The economy is running entirely too hot, but there are still viable ways to cool it off. A situation like this is not novel. As unlikely as it may seem at the moment, breaking the economy's fever will require national leadership with a clear, principles-based vision. Those who think less in terms of politics and more in terms of real-world outcomes know what can happen when restrictions on trade and economic activity are reduced or made more flexible, when property rights are protected, when the tax disparity between what one produces and what one gets to keep is made smaller, and when the actions of monetary authorities clearly and closely reflect the relationship between money and the economy.
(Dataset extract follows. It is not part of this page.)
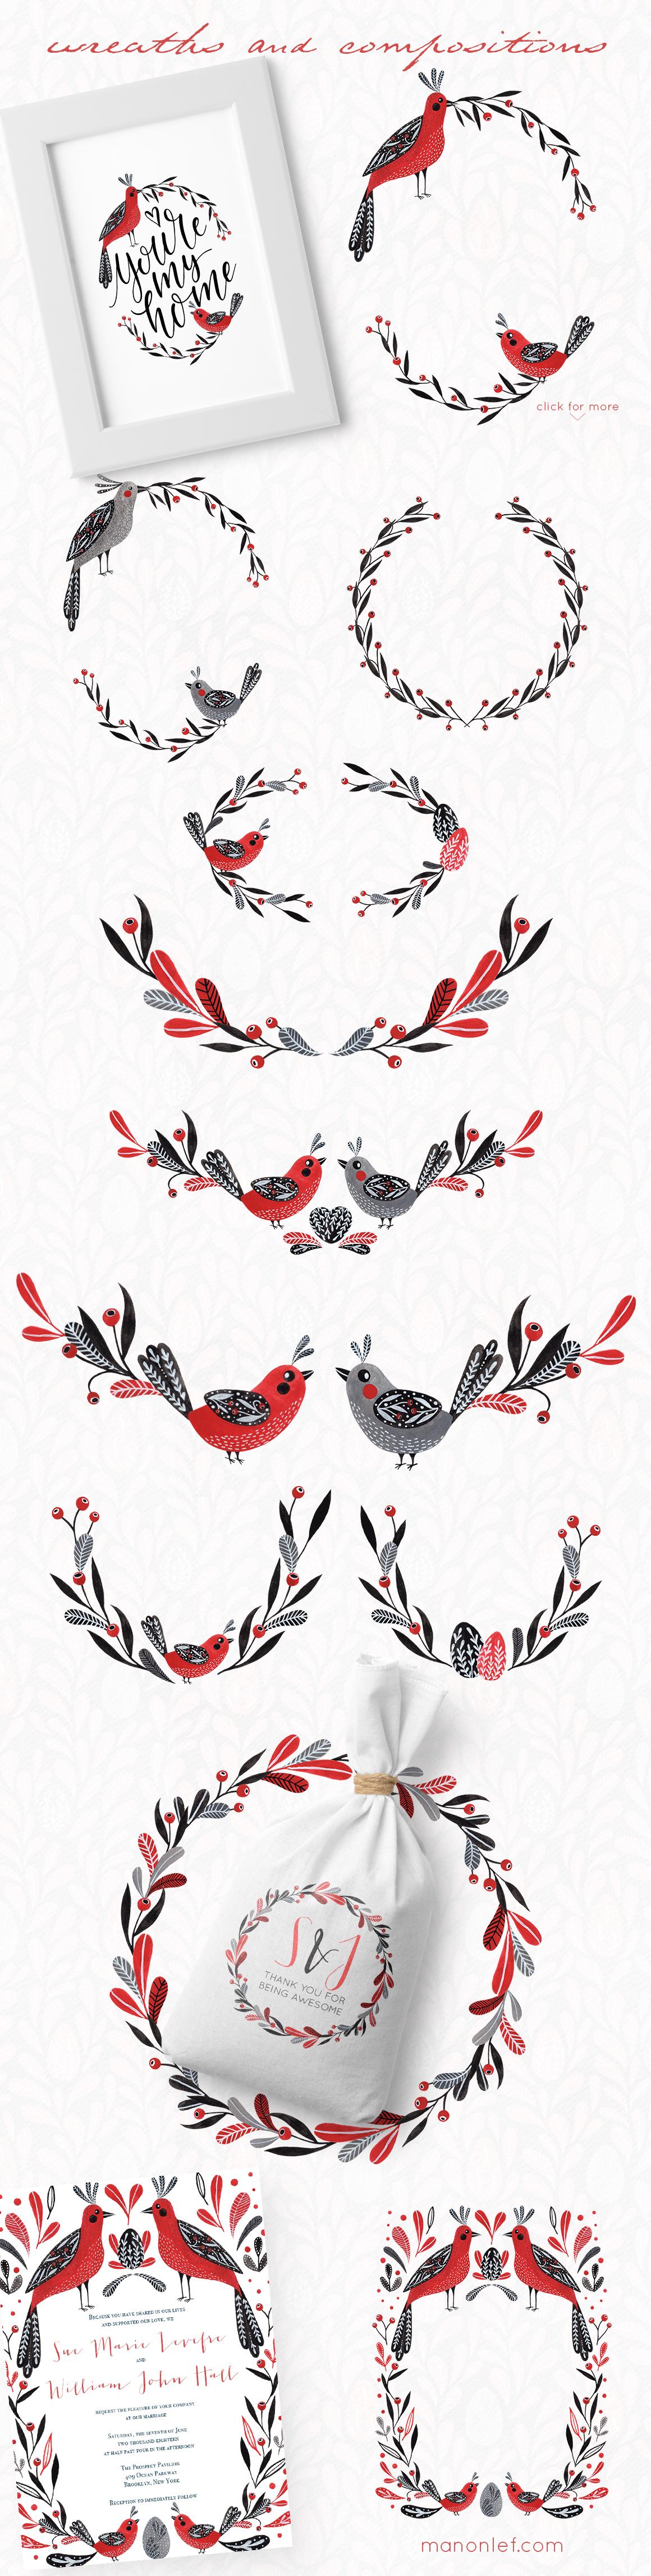 Lovebirds folk art bird illustrated collection example image 9

It wasn't all that long ago that both former presidents Ronald Reagan and Bill Clinton chose to reduce the economy's size, scope, and temperature to more bearable levels. The record achieved by their inspired changes speaks for itself: low inflation, sound GDP, and employment growth. Yes, between inflation, a swooning stock market, wondering what the Fed will do next, and the dread that comes with filling your gas tank—there's plenty to worry about. But if we only focus on these financial measurables, we lose sight of a still-productive economy where people go to work each day and produce real goods and services that we all welcome and enjoy. Until very recently, we've been enjoying strong GDP growth and a labor market recovery that has left us with abnormally low levels of unemployment.

Our economic engine is strong enough to weather difficult policy changes, so long as they're wise ones. Past policy actions have flooded this stout engine with too much money. The Fed will try and bring money supply growth in line with the growth of the real economy because keeping this balance is important. For now, let's temper our anxiety by remembering that we will once again enjoy prosperous times. And by viewing our current economic woes as a lesson, we may avoid another battle with inflation in the future.